**Source material**
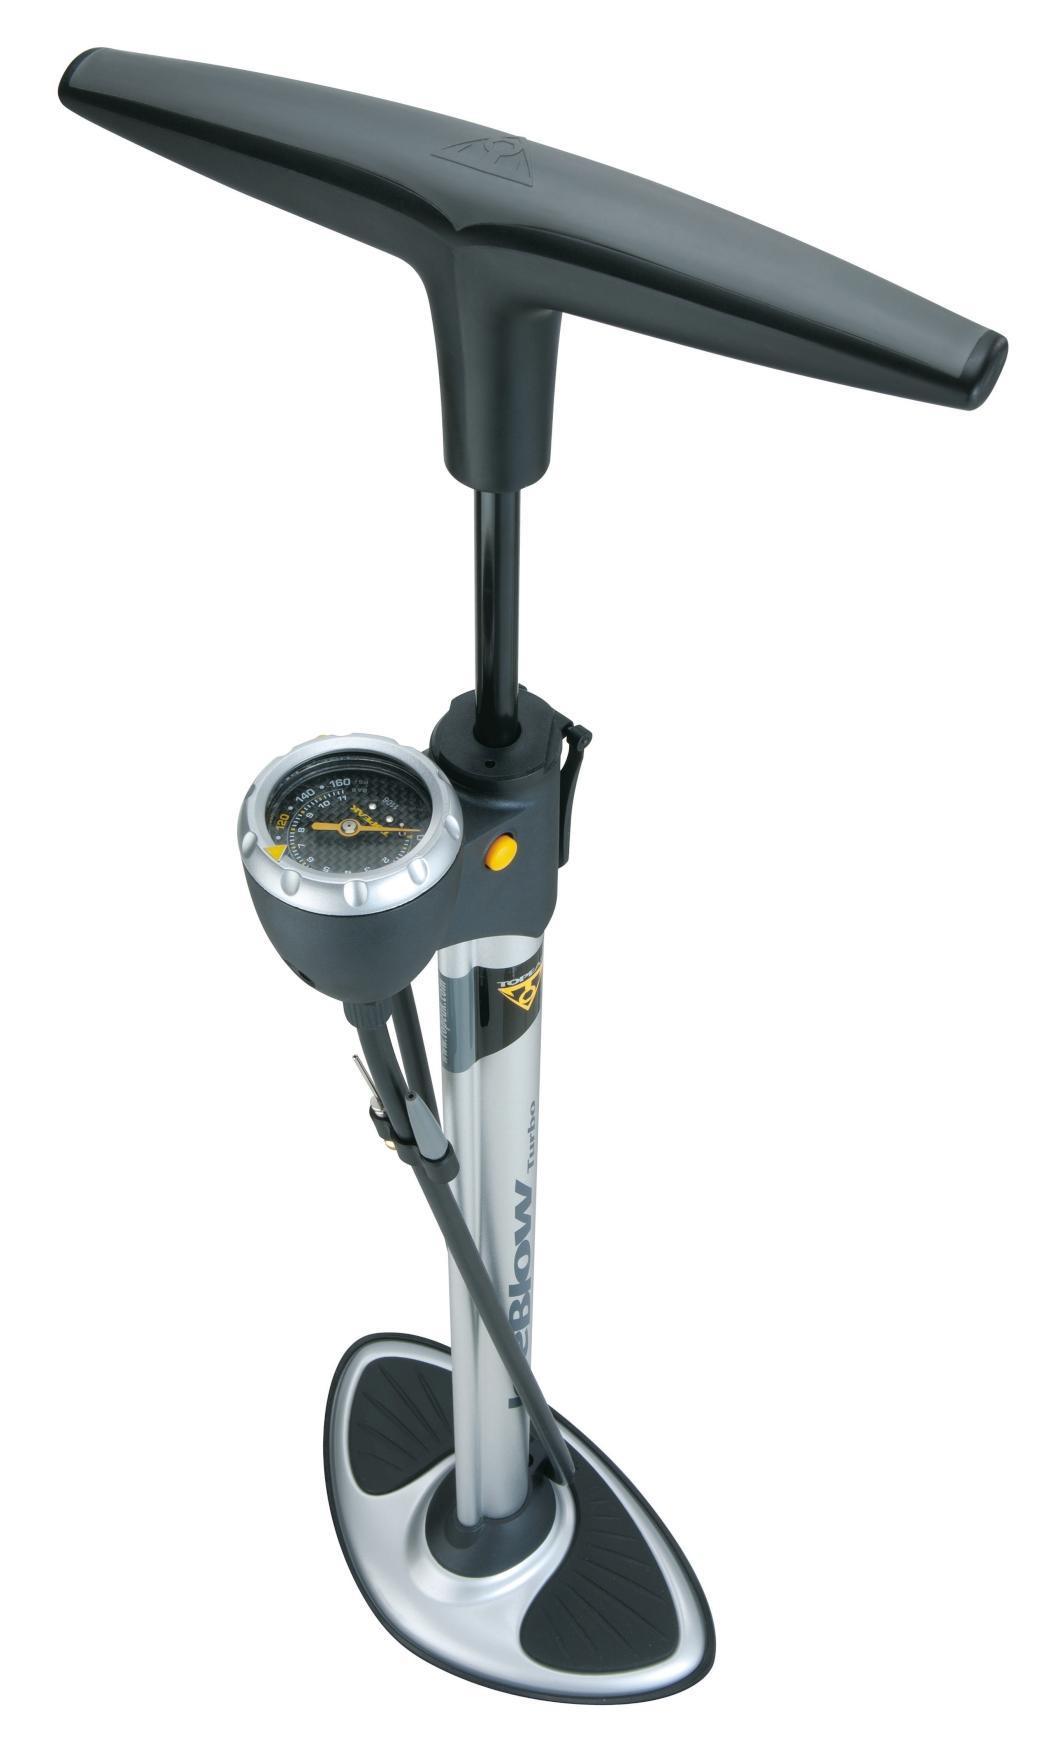 Topeak JoeBlow™ Turbo Standpumpe
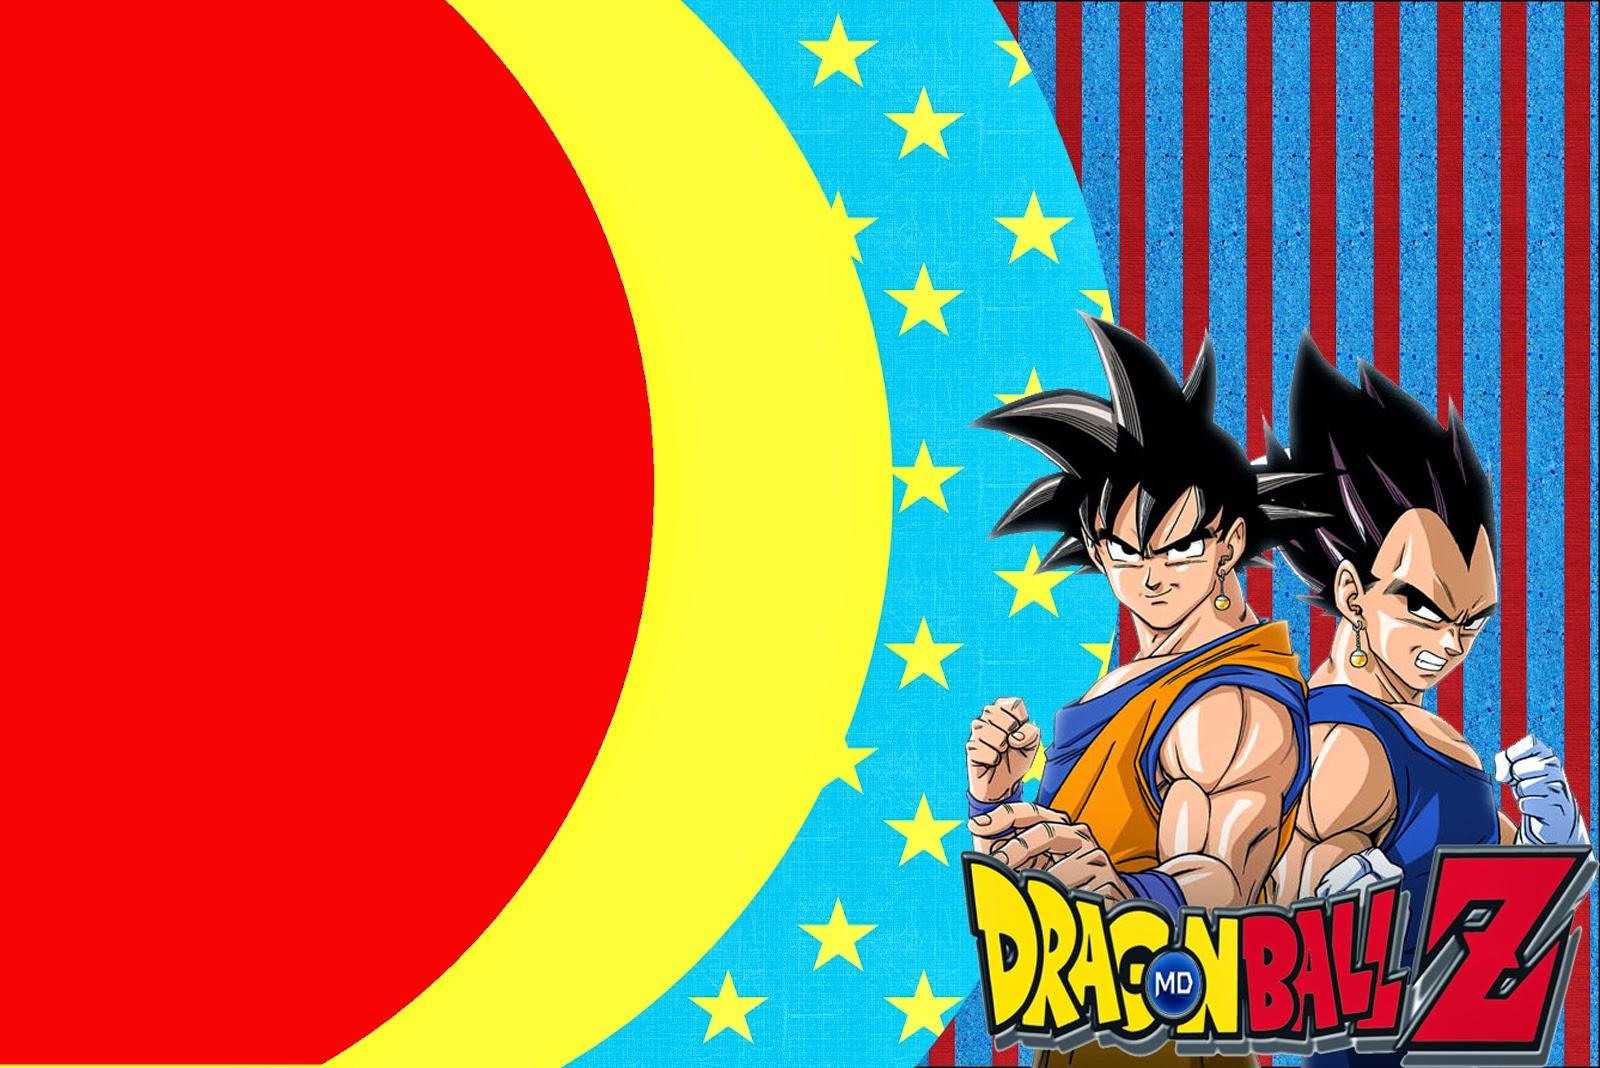 Dragon Ball Z Free Printable Invitations Oh My Fiesta
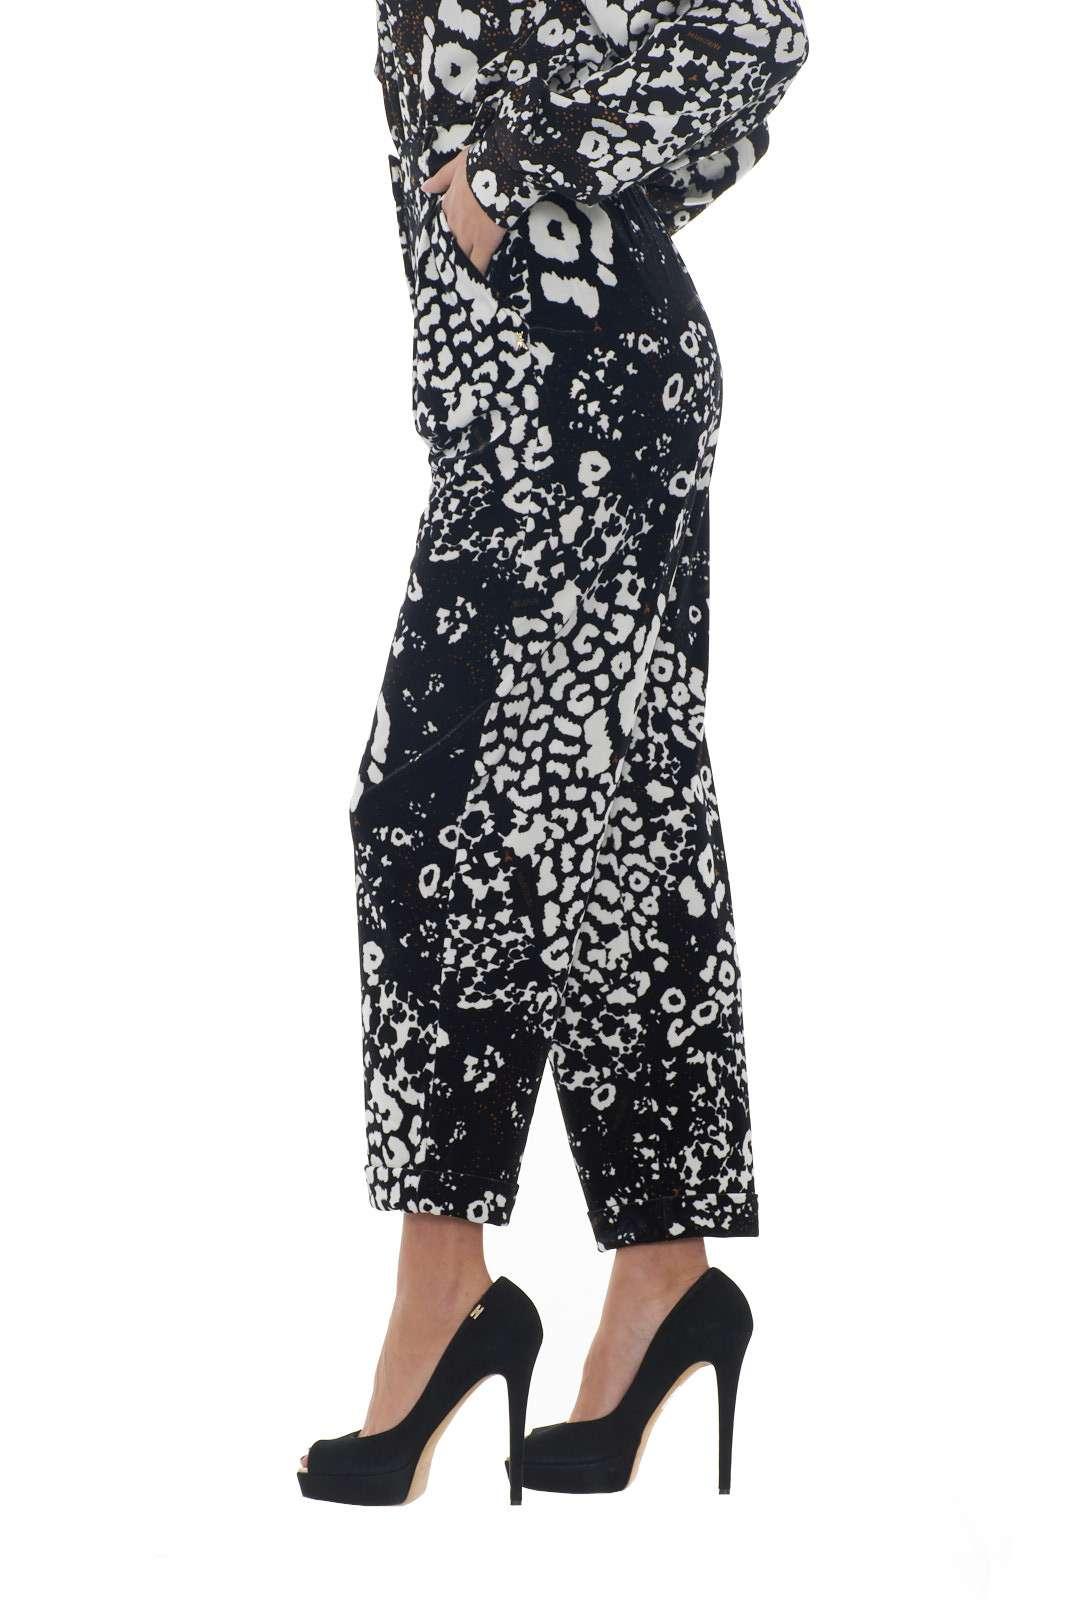 https://www.parmax.com/media/catalog/product/a/i/AI-outlet_parmax-pantaloni-donna-Patrizia-Pepe-2p1179-B.jpg

**Exercise aim**
Retype the data above exactly. Do not carry over any images.

**Written solution**
 Topeak JoeBlow™ Turbo Standpumpe
 Dragon Ball Z Free Printable Invitations Oh My Fiesta
 https://www.parmax.com/media/catalog/product/a/i/AI-outlet_parmax-pantaloni-donna-Patrizia-Pepe-2p1179-B.jpg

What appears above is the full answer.